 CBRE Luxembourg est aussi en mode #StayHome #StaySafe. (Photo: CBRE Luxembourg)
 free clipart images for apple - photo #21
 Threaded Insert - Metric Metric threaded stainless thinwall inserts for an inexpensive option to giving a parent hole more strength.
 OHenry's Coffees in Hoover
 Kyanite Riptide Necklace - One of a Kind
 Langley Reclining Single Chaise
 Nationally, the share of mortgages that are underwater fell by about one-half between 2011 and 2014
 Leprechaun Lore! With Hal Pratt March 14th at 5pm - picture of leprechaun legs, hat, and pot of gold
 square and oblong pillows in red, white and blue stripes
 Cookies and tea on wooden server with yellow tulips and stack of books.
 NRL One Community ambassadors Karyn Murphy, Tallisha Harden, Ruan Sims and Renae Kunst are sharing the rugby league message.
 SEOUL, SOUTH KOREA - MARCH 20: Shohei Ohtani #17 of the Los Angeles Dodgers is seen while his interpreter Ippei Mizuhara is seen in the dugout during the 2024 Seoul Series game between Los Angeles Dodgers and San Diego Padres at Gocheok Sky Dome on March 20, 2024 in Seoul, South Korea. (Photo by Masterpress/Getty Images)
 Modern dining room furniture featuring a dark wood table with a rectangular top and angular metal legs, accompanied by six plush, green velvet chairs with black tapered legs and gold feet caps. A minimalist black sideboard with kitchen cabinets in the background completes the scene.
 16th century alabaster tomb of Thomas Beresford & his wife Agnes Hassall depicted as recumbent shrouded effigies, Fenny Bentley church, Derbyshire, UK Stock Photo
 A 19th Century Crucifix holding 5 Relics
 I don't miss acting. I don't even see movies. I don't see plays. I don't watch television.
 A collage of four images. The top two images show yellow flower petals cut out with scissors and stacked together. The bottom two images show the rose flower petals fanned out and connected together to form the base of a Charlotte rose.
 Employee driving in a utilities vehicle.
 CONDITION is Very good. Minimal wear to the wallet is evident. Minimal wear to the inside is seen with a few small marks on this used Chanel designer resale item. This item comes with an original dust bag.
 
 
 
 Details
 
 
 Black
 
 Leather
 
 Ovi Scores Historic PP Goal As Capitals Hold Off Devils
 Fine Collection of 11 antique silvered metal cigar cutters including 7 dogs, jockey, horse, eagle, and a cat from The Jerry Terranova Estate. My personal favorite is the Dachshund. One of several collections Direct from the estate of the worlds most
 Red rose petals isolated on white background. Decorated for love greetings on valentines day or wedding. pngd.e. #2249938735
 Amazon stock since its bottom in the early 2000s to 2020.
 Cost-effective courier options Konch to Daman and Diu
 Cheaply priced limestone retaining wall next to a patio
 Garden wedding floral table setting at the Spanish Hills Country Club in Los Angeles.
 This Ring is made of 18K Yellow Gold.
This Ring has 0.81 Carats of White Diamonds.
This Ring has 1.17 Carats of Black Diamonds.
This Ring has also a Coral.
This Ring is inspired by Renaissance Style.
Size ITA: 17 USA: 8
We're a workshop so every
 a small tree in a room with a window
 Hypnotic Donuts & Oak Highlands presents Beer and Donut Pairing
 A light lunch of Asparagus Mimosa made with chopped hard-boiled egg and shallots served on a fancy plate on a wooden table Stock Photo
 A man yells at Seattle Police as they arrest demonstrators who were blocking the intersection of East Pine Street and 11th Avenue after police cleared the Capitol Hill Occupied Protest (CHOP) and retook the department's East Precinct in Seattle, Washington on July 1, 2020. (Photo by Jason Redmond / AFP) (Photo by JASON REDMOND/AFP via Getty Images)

# # # # # # #

PROBLEM TO SOLVE: Only one part of the material above is to be transcribed, namely the lines starting with the line that has "A 19th Century Crucifix holding 5 Relics" and going on through the line that has "I don't miss", exactly as they stand.

SOLUTION TO THE EXERCISE:
 A 19th Century Crucifix holding 5 Relics
 I don't miss acting. I don't even see movies. I don't see plays. I don't watch television.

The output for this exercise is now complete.